THE TASK:
Please filter the entries for the word "Medium" and copy every line that has it.

DATA TO EXAMINE:
-=-=-

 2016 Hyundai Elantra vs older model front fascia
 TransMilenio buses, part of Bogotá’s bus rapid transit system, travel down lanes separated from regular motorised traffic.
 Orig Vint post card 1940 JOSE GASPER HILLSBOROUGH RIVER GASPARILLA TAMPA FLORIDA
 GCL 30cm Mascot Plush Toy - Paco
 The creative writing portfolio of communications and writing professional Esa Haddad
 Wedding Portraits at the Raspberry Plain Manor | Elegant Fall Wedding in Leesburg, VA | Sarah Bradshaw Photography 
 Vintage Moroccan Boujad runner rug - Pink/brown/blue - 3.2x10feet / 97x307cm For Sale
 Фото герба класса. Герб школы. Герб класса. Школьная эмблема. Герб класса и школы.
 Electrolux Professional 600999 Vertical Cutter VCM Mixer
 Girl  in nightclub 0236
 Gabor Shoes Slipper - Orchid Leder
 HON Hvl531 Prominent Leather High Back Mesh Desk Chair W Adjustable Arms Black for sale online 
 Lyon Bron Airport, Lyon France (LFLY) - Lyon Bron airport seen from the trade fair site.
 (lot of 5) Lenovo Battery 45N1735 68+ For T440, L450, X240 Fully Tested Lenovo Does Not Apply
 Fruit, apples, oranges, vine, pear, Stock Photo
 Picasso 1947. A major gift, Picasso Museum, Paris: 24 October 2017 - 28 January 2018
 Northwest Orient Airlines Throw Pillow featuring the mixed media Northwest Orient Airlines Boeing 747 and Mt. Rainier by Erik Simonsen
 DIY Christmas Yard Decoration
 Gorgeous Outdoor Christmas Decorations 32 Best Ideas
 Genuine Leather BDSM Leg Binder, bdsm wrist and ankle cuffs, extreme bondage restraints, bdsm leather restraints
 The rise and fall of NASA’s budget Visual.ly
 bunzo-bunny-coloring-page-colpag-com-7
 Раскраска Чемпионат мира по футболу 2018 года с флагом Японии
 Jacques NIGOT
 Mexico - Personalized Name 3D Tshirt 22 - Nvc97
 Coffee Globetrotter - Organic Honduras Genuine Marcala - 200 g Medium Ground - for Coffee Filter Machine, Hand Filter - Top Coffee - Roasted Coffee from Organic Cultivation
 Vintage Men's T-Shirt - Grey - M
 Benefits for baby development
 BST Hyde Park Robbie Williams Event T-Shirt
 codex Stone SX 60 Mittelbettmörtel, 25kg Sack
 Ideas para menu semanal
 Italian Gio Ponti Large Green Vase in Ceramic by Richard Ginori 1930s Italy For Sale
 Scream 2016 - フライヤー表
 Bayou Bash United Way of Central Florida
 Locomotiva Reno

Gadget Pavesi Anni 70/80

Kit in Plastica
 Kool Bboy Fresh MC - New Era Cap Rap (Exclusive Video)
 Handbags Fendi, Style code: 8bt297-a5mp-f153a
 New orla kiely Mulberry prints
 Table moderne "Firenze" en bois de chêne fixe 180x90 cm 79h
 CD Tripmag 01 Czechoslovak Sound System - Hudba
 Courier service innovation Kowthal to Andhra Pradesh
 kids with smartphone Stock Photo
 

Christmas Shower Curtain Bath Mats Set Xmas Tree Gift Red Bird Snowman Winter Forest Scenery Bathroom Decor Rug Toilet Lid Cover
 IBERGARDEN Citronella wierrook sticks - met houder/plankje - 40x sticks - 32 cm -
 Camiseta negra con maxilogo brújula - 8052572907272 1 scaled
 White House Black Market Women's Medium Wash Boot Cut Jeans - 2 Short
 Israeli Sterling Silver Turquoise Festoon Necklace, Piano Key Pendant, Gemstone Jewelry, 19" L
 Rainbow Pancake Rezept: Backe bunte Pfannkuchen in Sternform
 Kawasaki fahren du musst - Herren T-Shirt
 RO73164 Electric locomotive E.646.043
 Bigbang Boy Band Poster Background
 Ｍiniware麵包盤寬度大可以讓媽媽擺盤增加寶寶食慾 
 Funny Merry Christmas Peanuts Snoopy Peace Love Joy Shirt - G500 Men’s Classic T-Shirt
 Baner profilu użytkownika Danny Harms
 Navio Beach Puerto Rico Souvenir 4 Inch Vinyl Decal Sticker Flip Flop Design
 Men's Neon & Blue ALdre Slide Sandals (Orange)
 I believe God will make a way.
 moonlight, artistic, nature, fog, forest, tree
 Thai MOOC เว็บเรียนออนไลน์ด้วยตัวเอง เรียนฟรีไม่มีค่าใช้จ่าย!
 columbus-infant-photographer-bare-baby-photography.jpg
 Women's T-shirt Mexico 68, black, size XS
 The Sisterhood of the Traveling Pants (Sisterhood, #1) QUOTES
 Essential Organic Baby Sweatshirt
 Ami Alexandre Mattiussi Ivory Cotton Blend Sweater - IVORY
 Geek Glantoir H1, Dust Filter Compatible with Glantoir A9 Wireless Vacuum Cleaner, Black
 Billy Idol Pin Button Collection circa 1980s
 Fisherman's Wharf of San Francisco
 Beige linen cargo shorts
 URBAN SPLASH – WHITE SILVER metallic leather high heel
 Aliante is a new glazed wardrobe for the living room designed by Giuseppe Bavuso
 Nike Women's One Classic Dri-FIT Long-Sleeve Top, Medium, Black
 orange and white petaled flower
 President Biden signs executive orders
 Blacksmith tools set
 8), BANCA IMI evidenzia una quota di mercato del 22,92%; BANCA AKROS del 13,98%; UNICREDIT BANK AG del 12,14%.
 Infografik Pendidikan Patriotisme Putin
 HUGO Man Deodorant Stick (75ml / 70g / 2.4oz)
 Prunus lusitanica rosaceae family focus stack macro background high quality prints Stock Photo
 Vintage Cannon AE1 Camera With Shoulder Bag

-=-=-

EXERCISE OUTPUT:
 Coffee Globetrotter - Organic Honduras Genuine Marcala - 200 g Medium Ground - for Coffee Filter Machine, Hand Filter - Top Coffee - Roasted Coffee from Organic Cultivation
 White House Black Market Women's Medium Wash Boot Cut Jeans - 2 Short
 Nike Women's One Classic Dri-FIT Long-Sleeve Top, Medium, Black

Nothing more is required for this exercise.